2^-1074 <= x <= (2-2^-52)·2^1023 // where x is the double.
Check out the Min_VALUE and MAX_VALUE static final members of Double.
(some)People will suggest against using floating point types for things where accuracy and precision are critical because rounding errors can throw off calculations by measurable (small) amounts.
Binary floating-point numbers have interesting precision characteristics, since the value is stored as a binary integer raised to a binary power. When dealing with sub-integer values (that is, values between 0 and 1), negative powers of two "round off" very differently than negative powers of ten.
For example, the number 0.1 can be represented by 1 x 10-1, but there is no combination of base-2 exponent and mantissa that can precisely represent 0.1 -- the closest you get is 0.10000000000000001.
So if you have an application where you are working with values like 0.1 or 0.01 a great deal, but where small (less than 0.000000000000001%) errors cannot be tolerated, then binary floating-point numbers are not for you.

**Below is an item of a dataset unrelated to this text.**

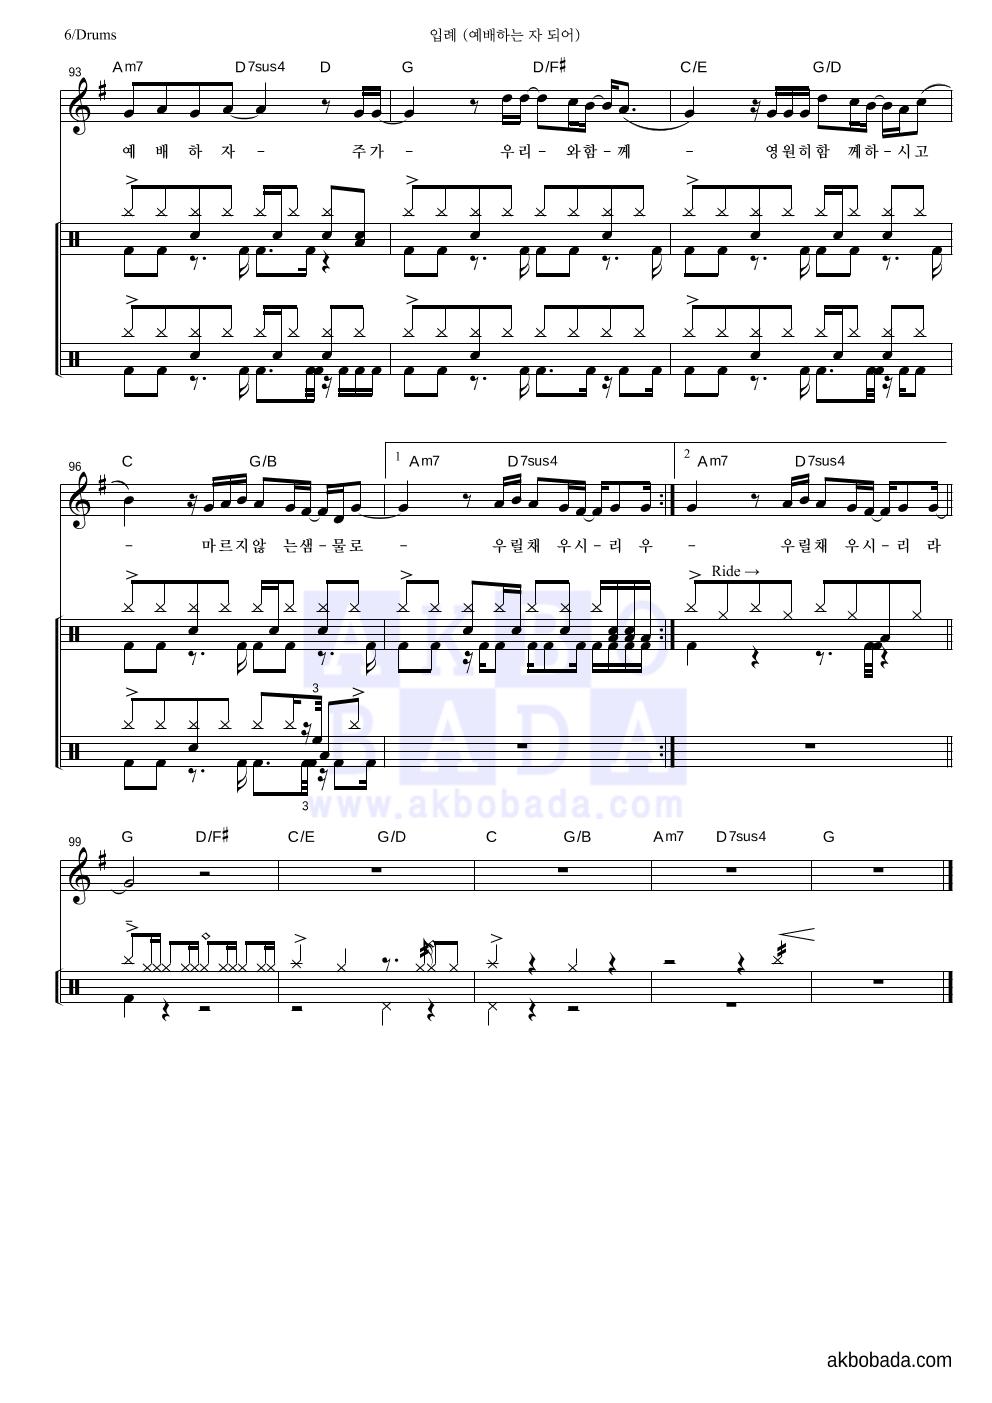 WeLove - 입례 (예배하는 자 되어) 드럼 악보

Conversely, if powers of ten are not "special" to your application (powers of ten are important in currency calculations, but not in, say, most applications of physics), then you are actually better off using binary floating-point, since it's usually at least an order of magnitude faster, and it is much more memory efficient.
The article from the Python documentation on floating point issues and limitations does an excellent job of explaining this issue in an easy to understand form. Wikipedia also has a good article on floating point that explains the math behind the representation.

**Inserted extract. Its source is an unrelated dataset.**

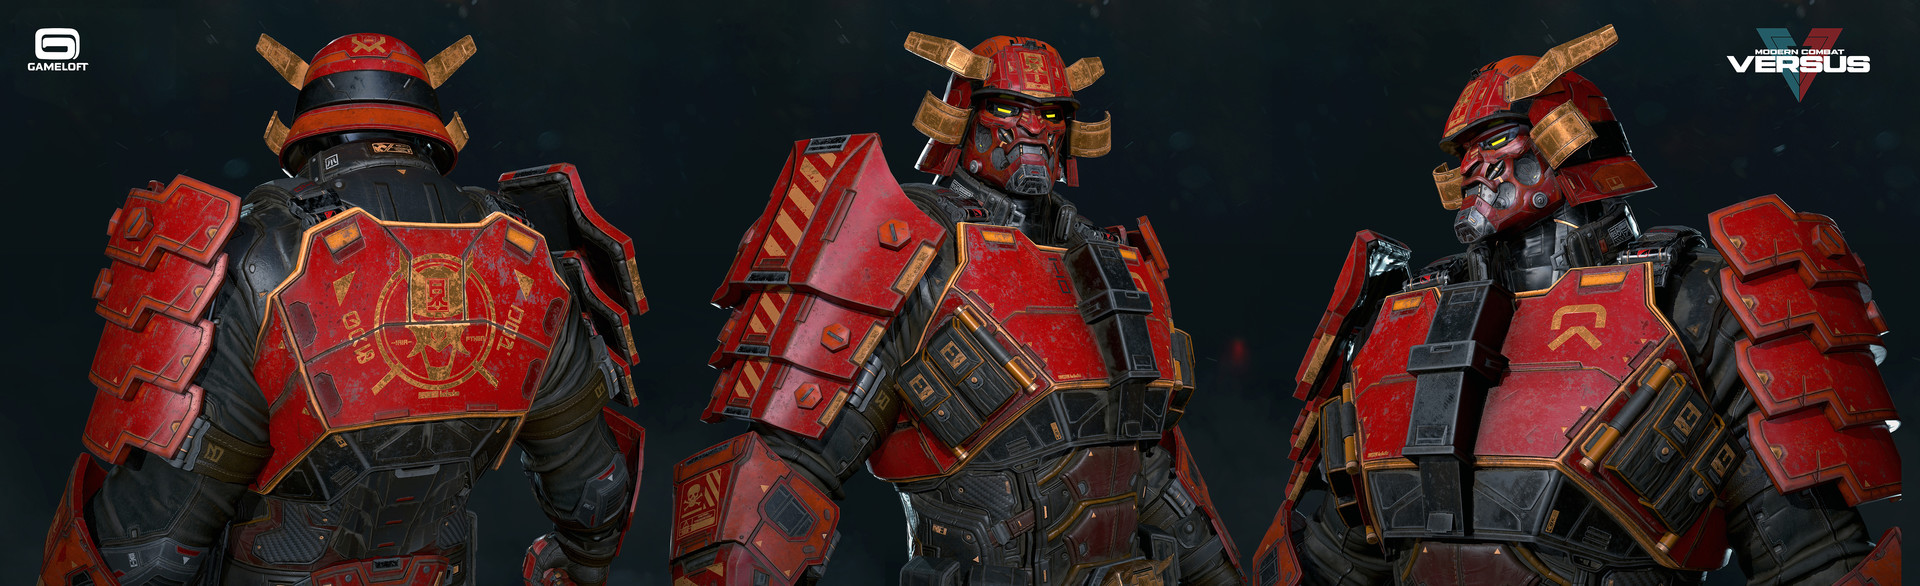 Rodrigue Pralier Ronen Modern Combat Versus Gameloft

From Primitives Data Types:
float: The float data type is a single-precision 32-bit IEEE 754
floating point. Its range of values is
beyond the scope of this discussion,
but is specified in section 4.2.3
of the Java Language Specification. As
with the recommendations for byte
and short, use a float (instead of
double) if you need to save memory
in large arrays of floating point
numbers. This data type should never
be used for precise values, such as
currency. For that, you will need to
use the java.math.BigDecimal
class instead. Numbers and
Strings covers BigDecimal and
other useful classes provided by the
Java platform.
double: The double data type is a double-precision 64-bit IEEE 754
floating point. Its range of values is
beyond the scope of this discussion,
but is specified in section 4.2.3
of the Java Language Specification.
For decimal values, this data type is
generally the default choice. As
mentioned above, this data type should
never be used for precise values, such
as currency.
For the range of values, see the section 4.2.3 Floating-Point Types, Formats, and Values of the JLS.
Of course you can use floats or doubles for "critical" things ... Many applications do nothing but crunch numbers using these datatypes.
You might have misunderstood some of the various caveats regarding floating-point numbers, such as the recommendation to never compare for exact equality, and so on.